India's largest private-sector company said it would give its investors shares in each of the separate businesses as it moves toward breaking up the Reliance Group between Reliance Chairman Mukesh Ambani and his younger brother Anil. After a six-month public battle over control of the $23 billion empire they inherited when their father died three years ago, the Ambani brothers decided in June to divide control of the group companies. They decided that Mukesh Ambani would control the flagship company Reliance Industries as well as Indian Petrochemicals Corp., while Anil Ambani would head the group's new businesses in energy, telecommunications and finance.

In the first public step to untangle the cross shareholdings among the more than 400 group companies, Anil Ambani said all Reliance Industries shareholders would get shares in the companies in his part of the divided empire.

For every 100 Reliance Industries shares held, investors will receive seven shares in Reliance Energy Ltd. and five shares in Reliance Capital Ltd., both of which are listed. For every 100 shares held, investors also will receive 100 shares in Reliance Communication Ventures, a company that will be created to manage all of the Reliance group's telecommunications investments, including leading Indian cell phone company Reliance Infocomm Ltd. and international network Flag Telecom Holdings Ltd.
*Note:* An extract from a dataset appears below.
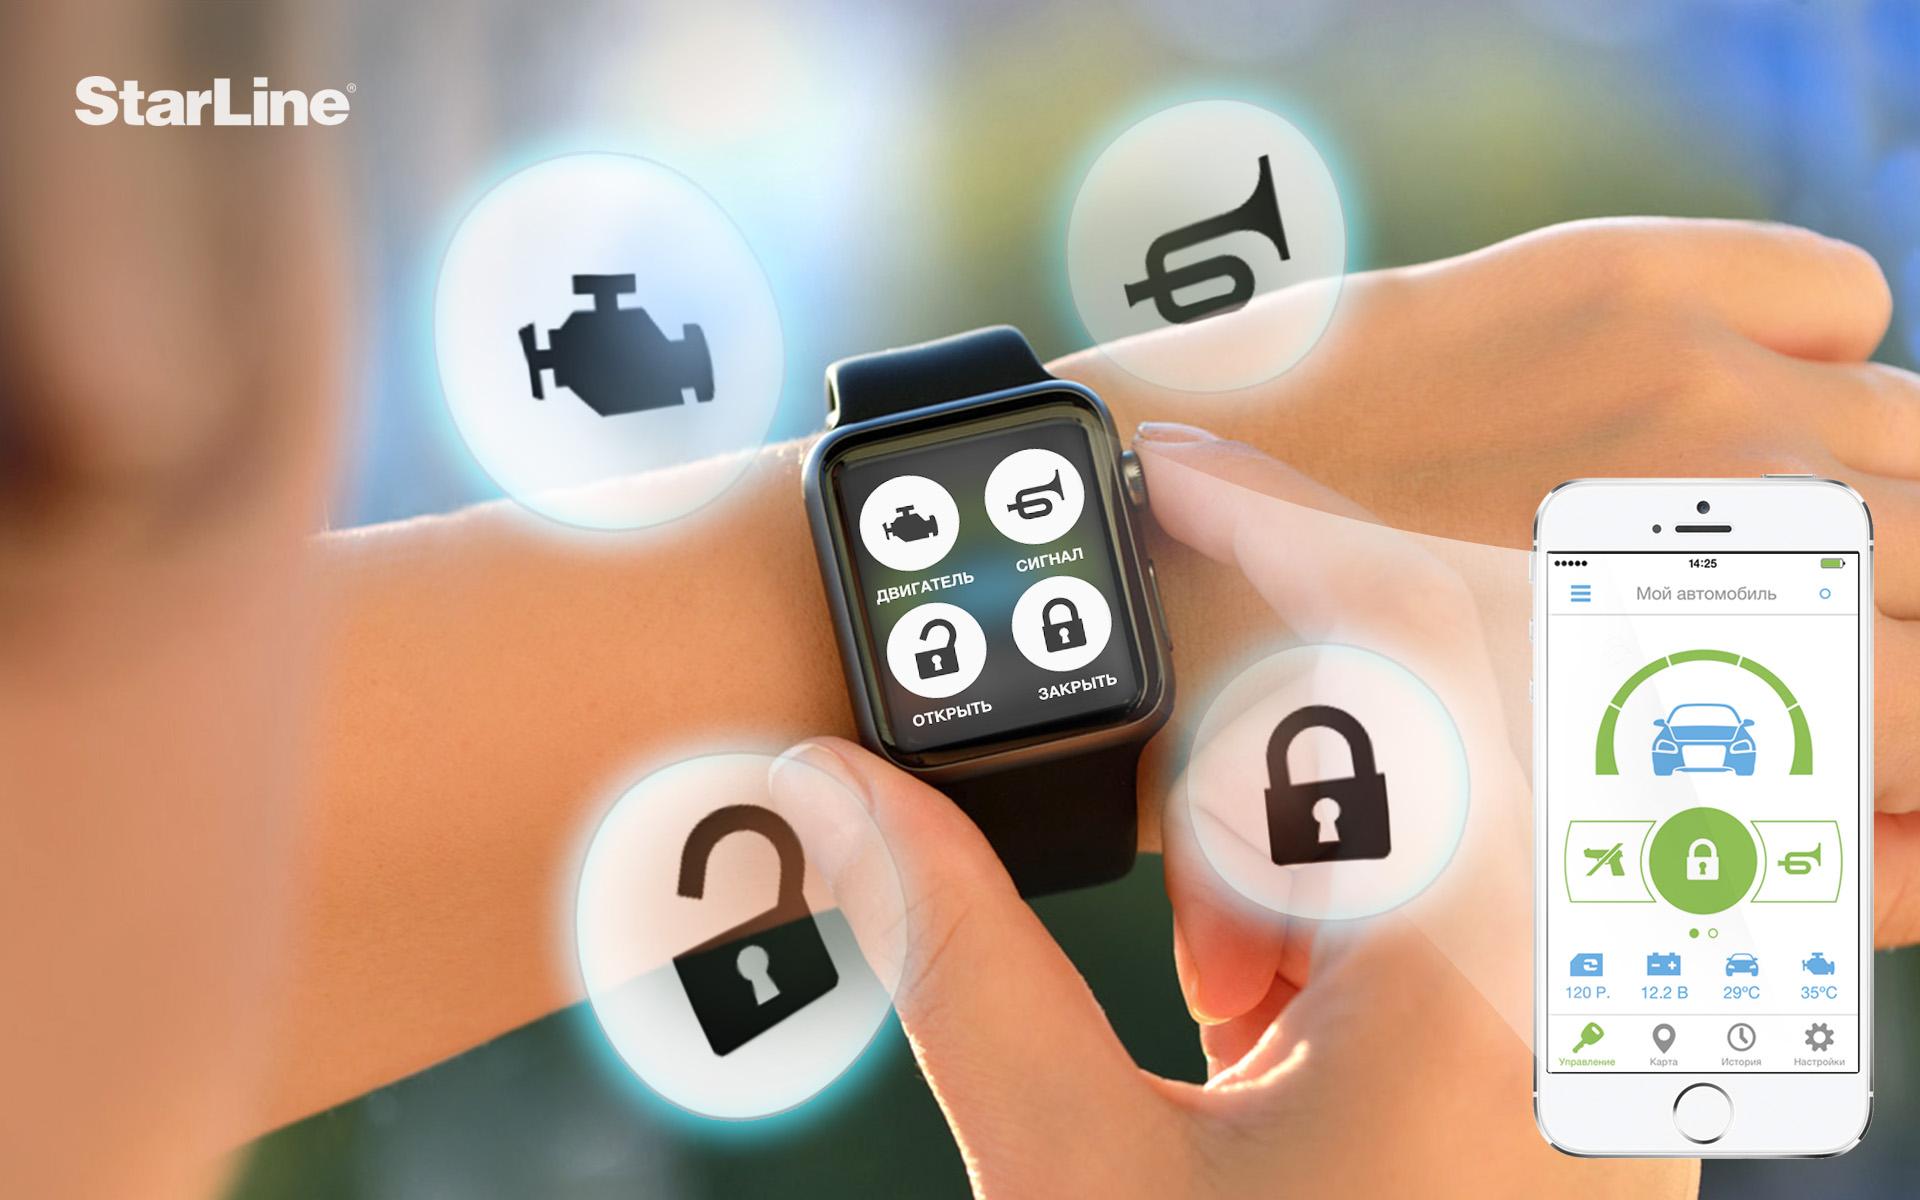 Скачать бесплатное мобильное приложение starline скачать программу лутцевой технология

Reliance Industries holds 43 percent in unlisted Reliance Infocomm, 47 percent in Reliance Energy and 45 percent in Reliance Capital. Anil Ambani said the new telecommunications holding company will have a debt-to-equity ratio of 0.4 to 1, and he plans to list it before April.

"The restructuring as I had publicly advocated was accepted [by the Reliance board] and I personally believe it will unlock shareholder value," he said.

Shares of Reliance Industry, India's largest private-sector company by sales and market value, fell 3.8 percent, to $16.39, yesterday.

Analysts and investors said the spinoff ratios seemed fair and should benefit investors now that the high-growth, high-value telecommunications business will be unbundled from the group's petrochemical and refining businesses.

"By virtue of being a Reliance Industries shareholder, you are now able to get the value of these [other] companies," said Dhiraj Sachdev, portfolio manager at ASK Raymond James Securities (India) Pvt. Ltd. in Bombay. "The sum of the parts is greater than the whole."

Mukesh Ambani will head Reliance Industries and Indian Petrochemicals.

Younger brother Anil Ambani gets energy, telecommunications and finance businesses.